EXERCISE DIRECTIONS: Everything from the line containing "CREATIVE KID'S Girl" to the end of the listing, both included, should be returned exactly, apart from the pictures.

GIVEN DATA:
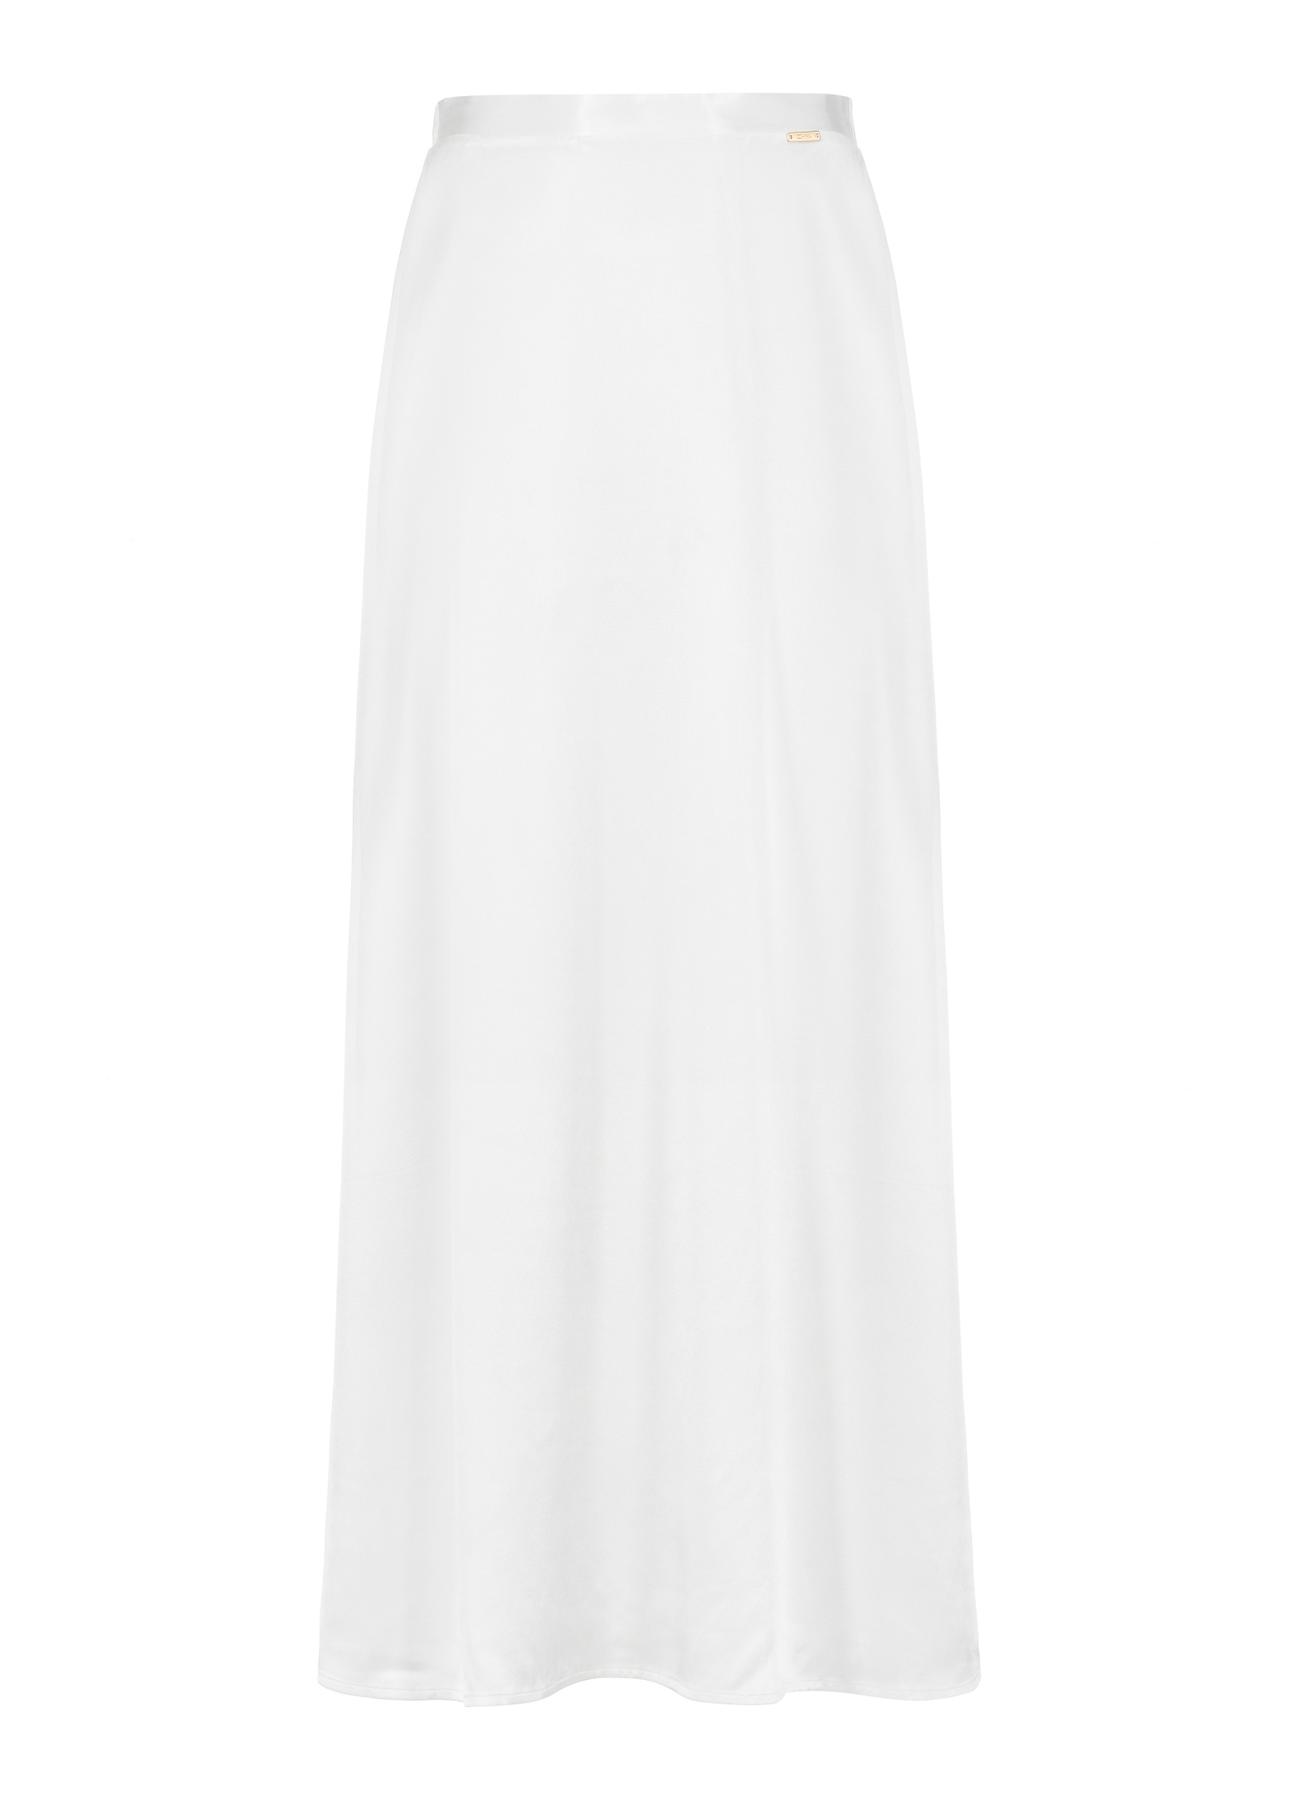 Długa prosta kremowa spódnica SPCDT-0083-12(W24)
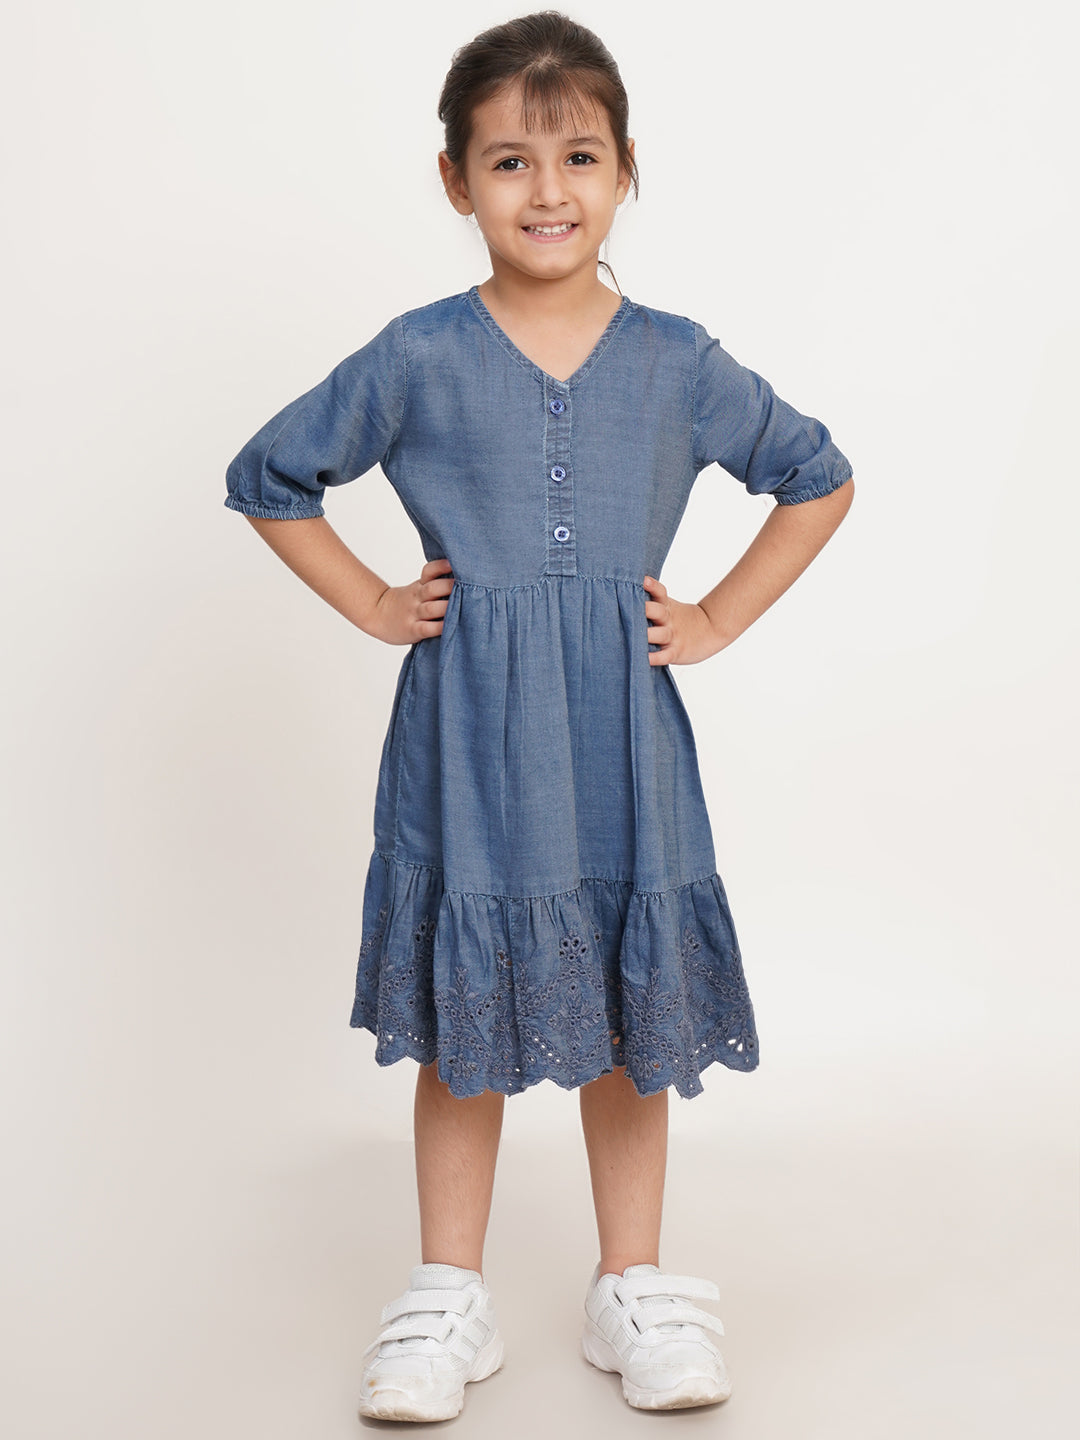 CREATIVE KID'S Girl Navy Blue Schiffli Denim Fit & Flare Dress
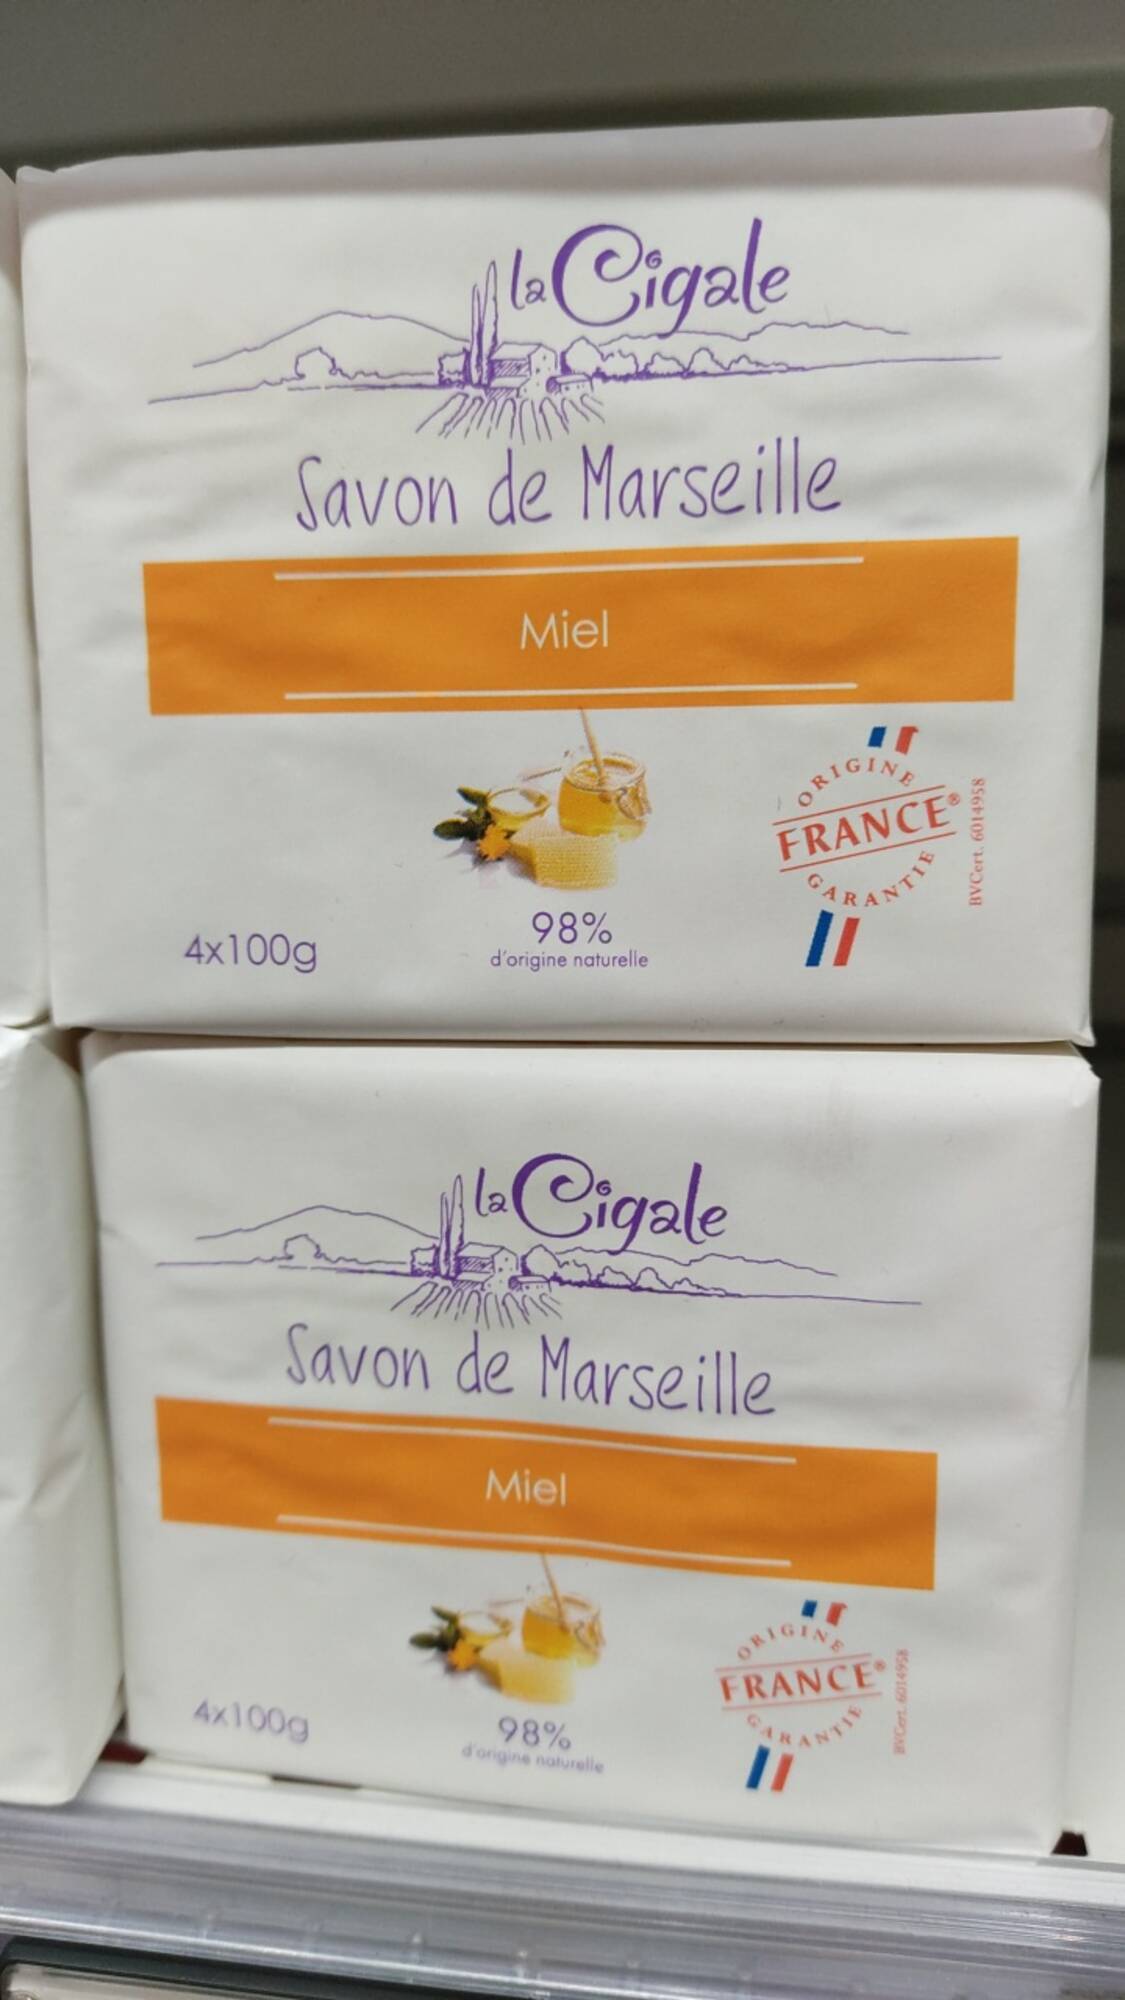 LA CIGALE - Savon de Marseille miel

SOLUTION BELOW:
 CREATIVE KID'S Girl Navy Blue Schiffli Denim Fit & Flare Dress
 LA CIGALE - Savon de Marseille miel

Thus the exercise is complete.